*** Opening of Data section ***
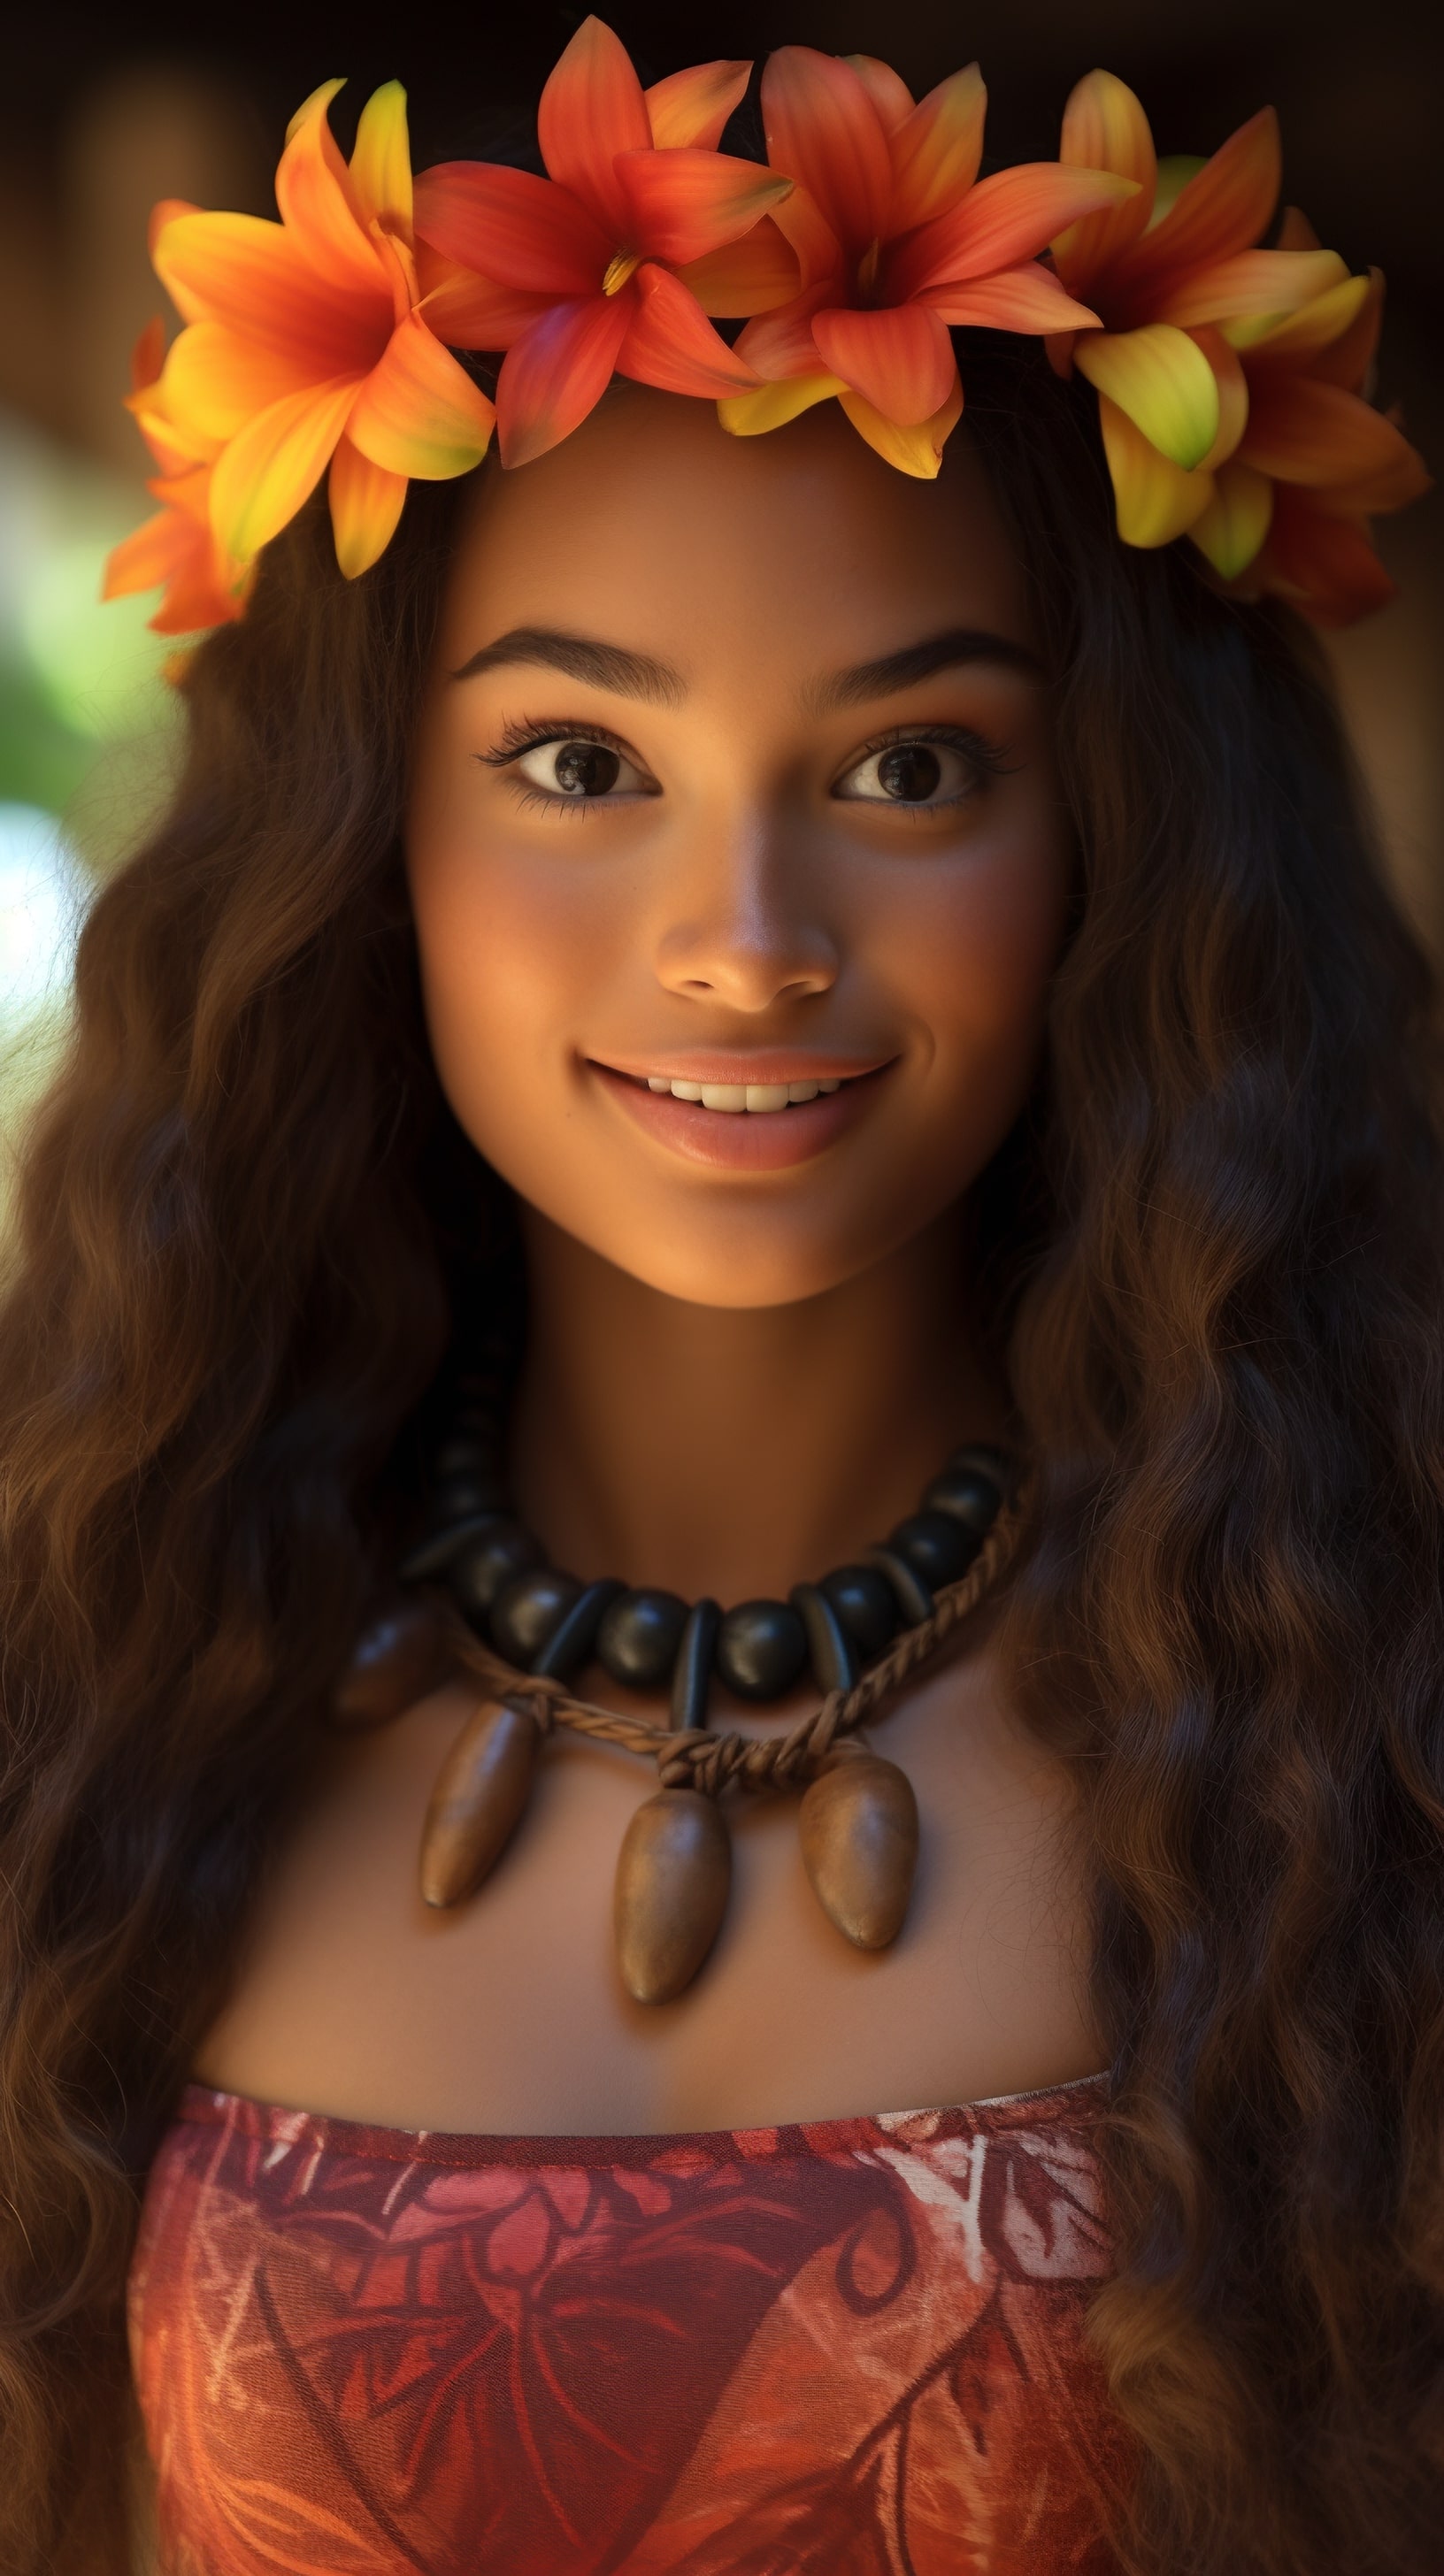 ИИ-фото Моаны с цветочным венком на голове
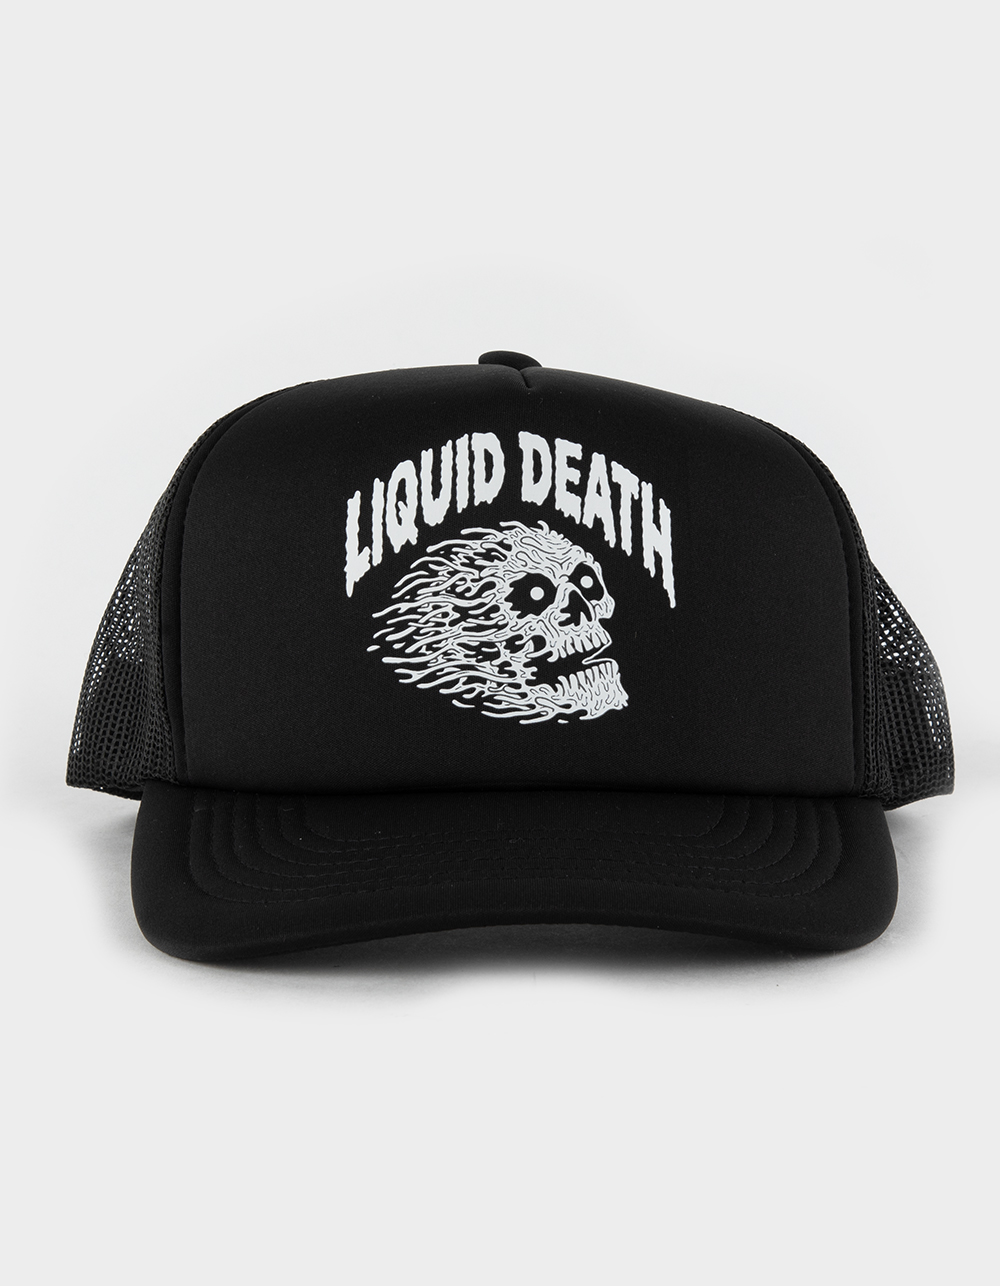 Liquid Death Vicious Death Trucker Hat - Black - One Size
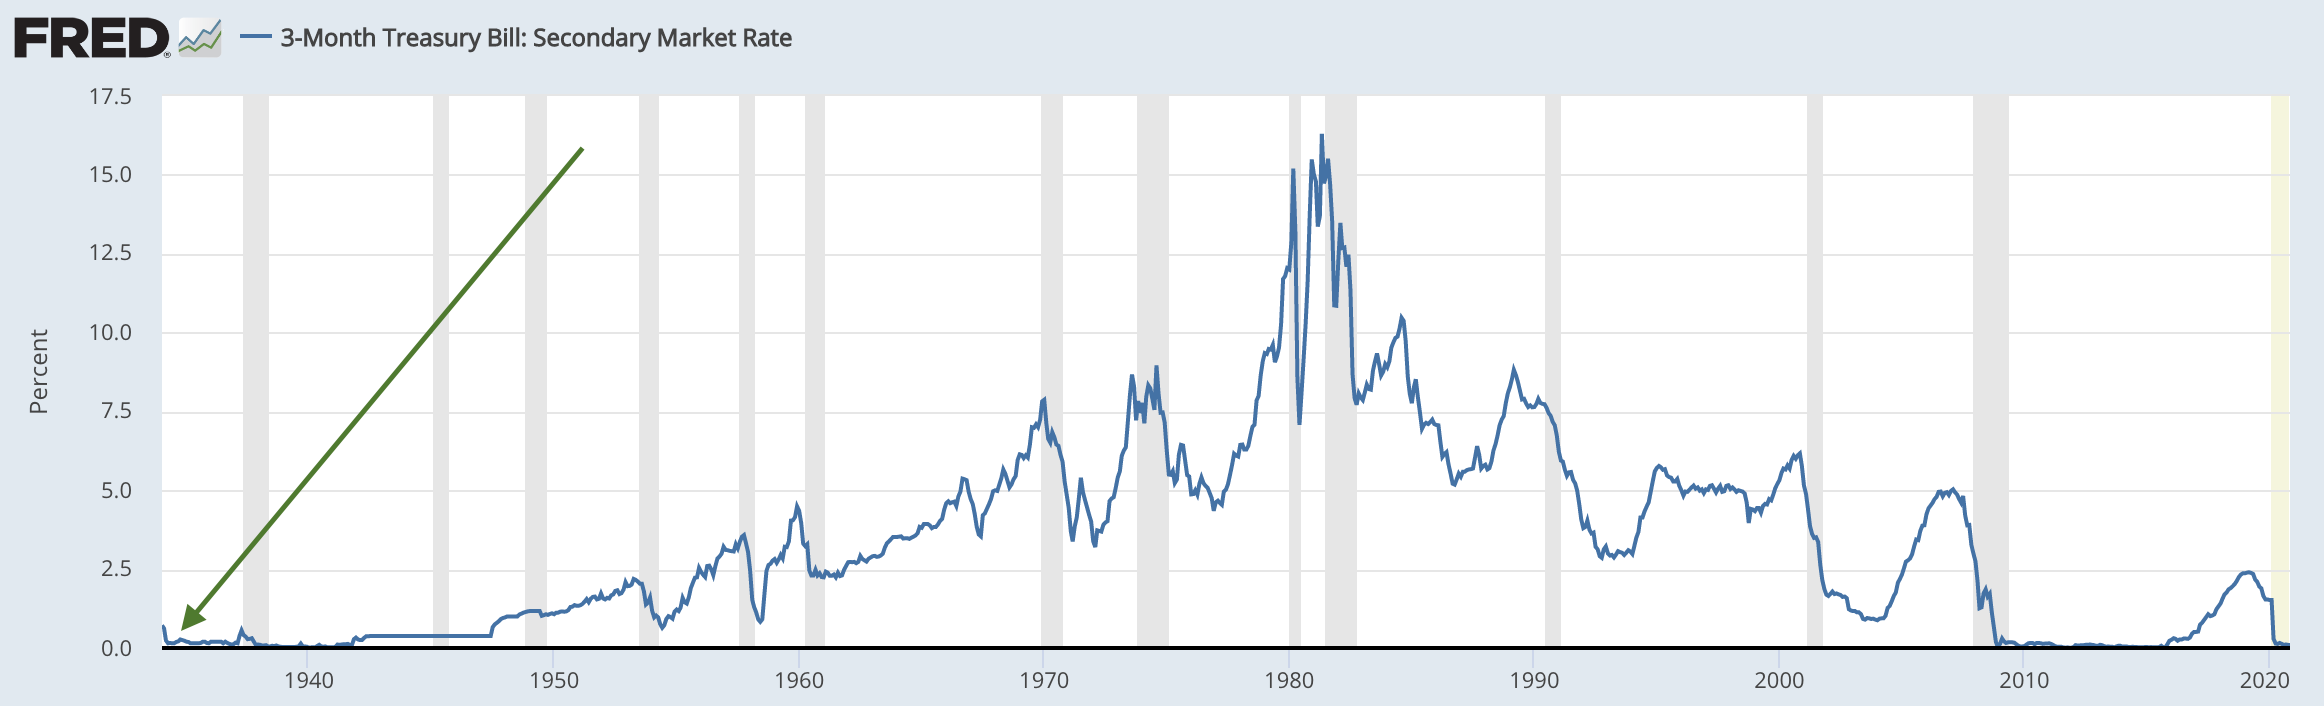 stocks overvalued interest rates
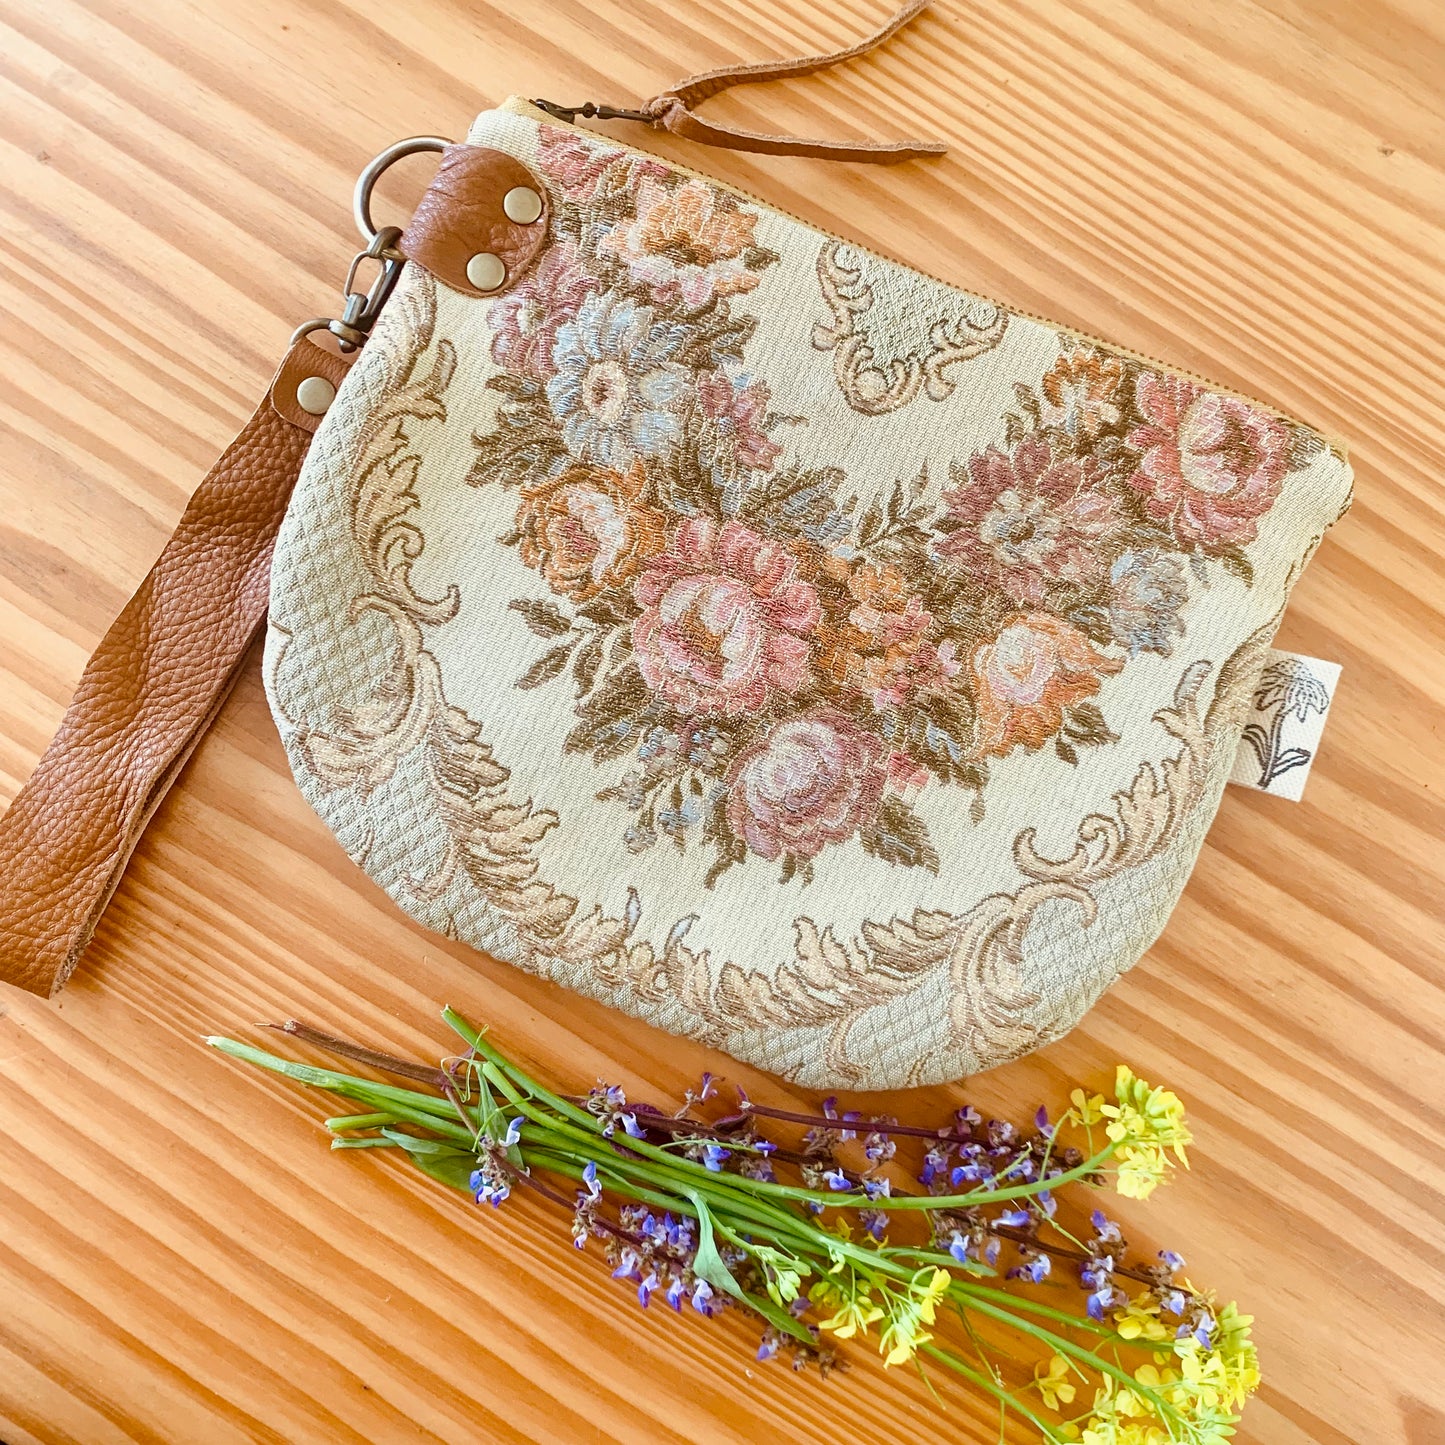 Vintage rose tapestry clutch purse
*** Close of Data section ***
Return the data above unchanged. Pictures are not part of the copy.

 ИИ-фото Моаны с цветочным венком на голове
 Liquid Death Vicious Death Trucker Hat - Black - One Size
 stocks overvalued interest rates
 Vintage rose tapestry clutch purse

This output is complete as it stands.